The standard deviation formula is a mathematical formula. Standard deviation is also called standard deviation, or experimental standard deviation, and the formula is as follows: sample standard deviation = square root of arithmetic variance = s = sqrt ((x1-x) 2+(x2-x) 2+... (xn-x) 2)/n) population standard deviation = σ = sqrt ().

Note: X in the above two standard deviation formulas is the arithmetic average of a group of numbers (n data). When all numbers (number n) appear in probability (the sum of the corresponding n probability values is 1), then X is the mathematical expectation of this group of numbers.

Laplace formula

Laplace formula was put forward by German statistician Laspeyres in 1864. Also known as Laplace index formula and Laplace index formula, referred to as "Laplace" or "L", including Laplace price index formula and Laplace volume index formula.

Inferior formula

X=xmax-xmin(xmax is the largest and xmin is the smallest), and the distance formula is the most direct and simple method to calculate the distance. There are moving amplitude, sum of squares of deviation from the average, etc.

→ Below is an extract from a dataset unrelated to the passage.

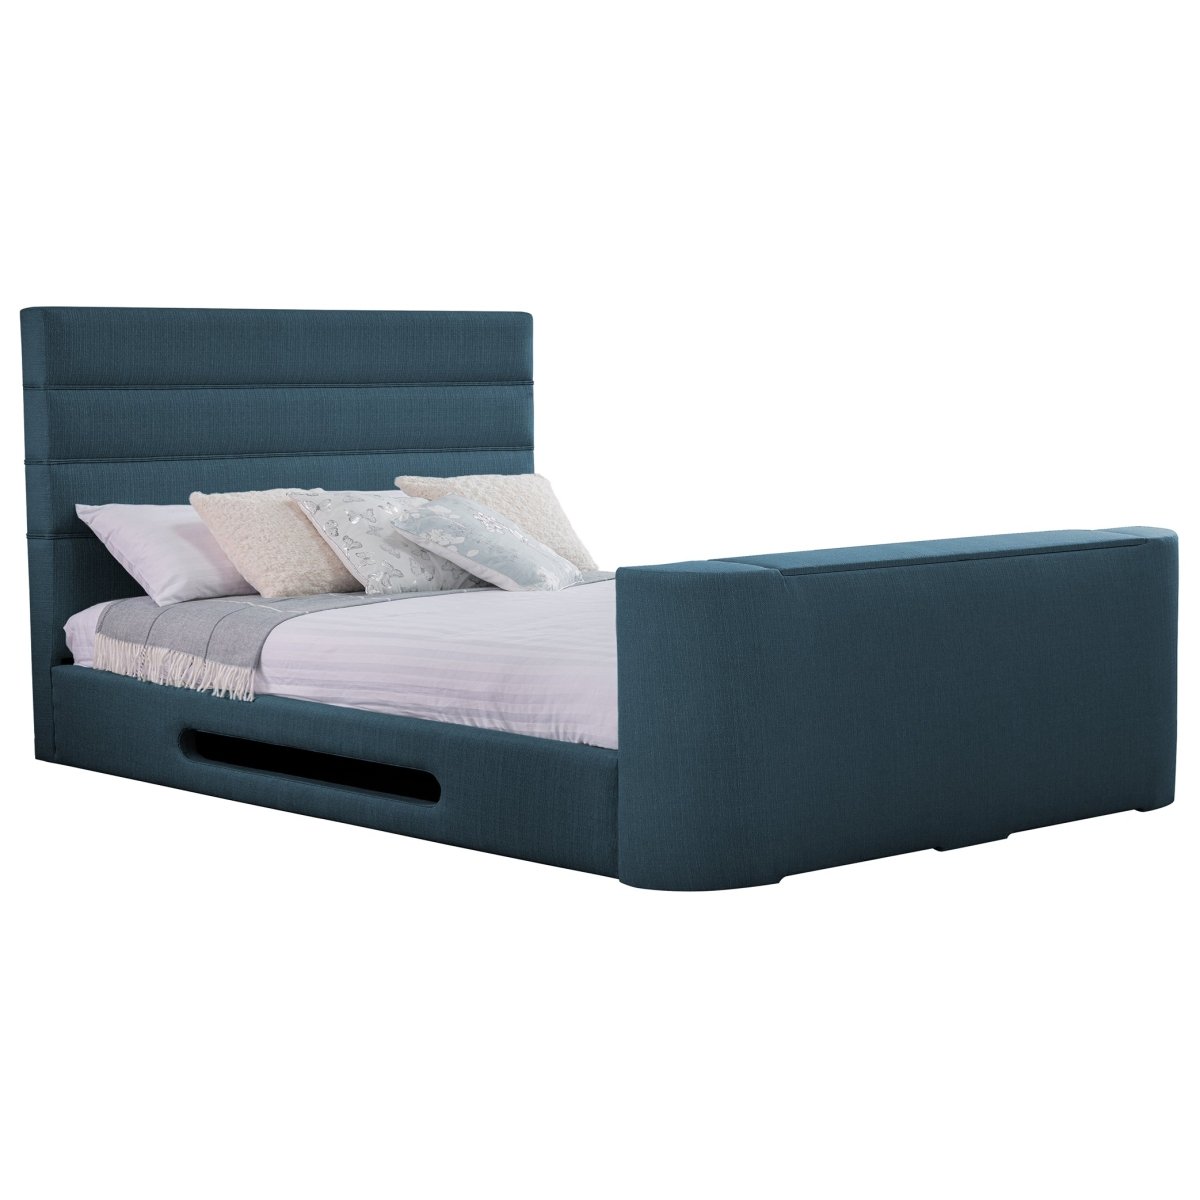 Sweet Dreams Mazarine Standard TV Bed frame - TV Beds Northwest - INMAZ-STD-135-SHER DUCK EGG - choose your colour tvbed - doubletvbed

Relevant formulas of probability theory

The total probability formula is an important formula in probability theory, which transforms the probability solution of a complex event A into the probability summation of a simple event in different situations.

Variance formula

Variance formula is a mathematical formula and an important formula in mathematical statistics. It is applied to all kinds of things in life. The smaller the variance, the more stable the data set, and the larger the variance, the more unstable the data set.

Standard deviation can be used to measure uncertainty. For example, in physical science, when repeated measurements are made, the standard deviation of the set of measured values represents the accuracy of these measurements.

When determining whether the measured value conforms to the predicted value, the standard deviation of the measured value plays a decisive role: if the measured average value is too far from the predicted value (compared with the standard deviation value at the same time), it is considered that the measured value is contradictory to the predicted value. Very easy to understand. Therefore, if all the measured values fall outside a certain numerical range, it can be inferred that the predicted values are unreasonable.

Standard deviation is applied to investment and can be used as an index to measure the stability of return. The greater the standard difference, the higher the income, which means that the income is far from the past average, that is, the more unstable the income, the higher the risk. On the contrary, the smaller the standard deviation, the more stable the income and the lower the risk.